# [Dataset records]
==================================================
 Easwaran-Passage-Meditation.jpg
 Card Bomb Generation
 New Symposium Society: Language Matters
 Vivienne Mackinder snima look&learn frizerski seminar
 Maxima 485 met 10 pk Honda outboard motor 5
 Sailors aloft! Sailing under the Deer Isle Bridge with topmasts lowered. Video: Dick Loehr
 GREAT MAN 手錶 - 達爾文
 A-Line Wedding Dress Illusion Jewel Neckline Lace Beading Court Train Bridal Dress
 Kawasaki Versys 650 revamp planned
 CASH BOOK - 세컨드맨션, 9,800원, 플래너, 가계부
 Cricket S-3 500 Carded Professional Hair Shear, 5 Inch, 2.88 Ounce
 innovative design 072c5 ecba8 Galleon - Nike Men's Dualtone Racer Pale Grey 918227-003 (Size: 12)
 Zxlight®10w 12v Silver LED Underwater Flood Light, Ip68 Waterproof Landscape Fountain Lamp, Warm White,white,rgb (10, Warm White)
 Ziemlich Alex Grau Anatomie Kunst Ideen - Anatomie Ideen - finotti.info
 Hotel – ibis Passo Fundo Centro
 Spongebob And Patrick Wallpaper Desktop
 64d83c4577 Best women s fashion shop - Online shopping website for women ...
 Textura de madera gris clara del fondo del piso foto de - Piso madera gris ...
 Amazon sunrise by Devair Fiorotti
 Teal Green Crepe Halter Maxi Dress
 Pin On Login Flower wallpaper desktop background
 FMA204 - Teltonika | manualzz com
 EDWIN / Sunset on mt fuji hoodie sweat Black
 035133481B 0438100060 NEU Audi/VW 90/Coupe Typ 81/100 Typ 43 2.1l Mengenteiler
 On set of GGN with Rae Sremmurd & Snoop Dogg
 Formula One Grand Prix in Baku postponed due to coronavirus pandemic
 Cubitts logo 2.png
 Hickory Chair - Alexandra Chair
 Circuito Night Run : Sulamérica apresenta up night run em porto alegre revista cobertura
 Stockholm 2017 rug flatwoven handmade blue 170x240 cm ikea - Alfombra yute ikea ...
==================================================
# [Assignment]
Using the entries above, return exactly the lines from the line with "CASH BOOK - 세컨드맨션, 9,800원, 플래너, 가계부" to the line with "Zxlight®10w 12v Silver", counting both of those lines.

# [Solution for this exercise]
 CASH BOOK - 세컨드맨션, 9,800원, 플래너, 가계부
 Cricket S-3 500 Carded Professional Hair Shear, 5 Inch, 2.88 Ounce
 innovative design 072c5 ecba8 Galleon - Nike Men's Dualtone Racer Pale Grey 918227-003 (Size: 12)
 Zxlight®10w 12v Silver LED Underwater Flood Light, Ip68 Waterproof Landscape Fountain Lamp, Warm White,white,rgb (10, Warm White)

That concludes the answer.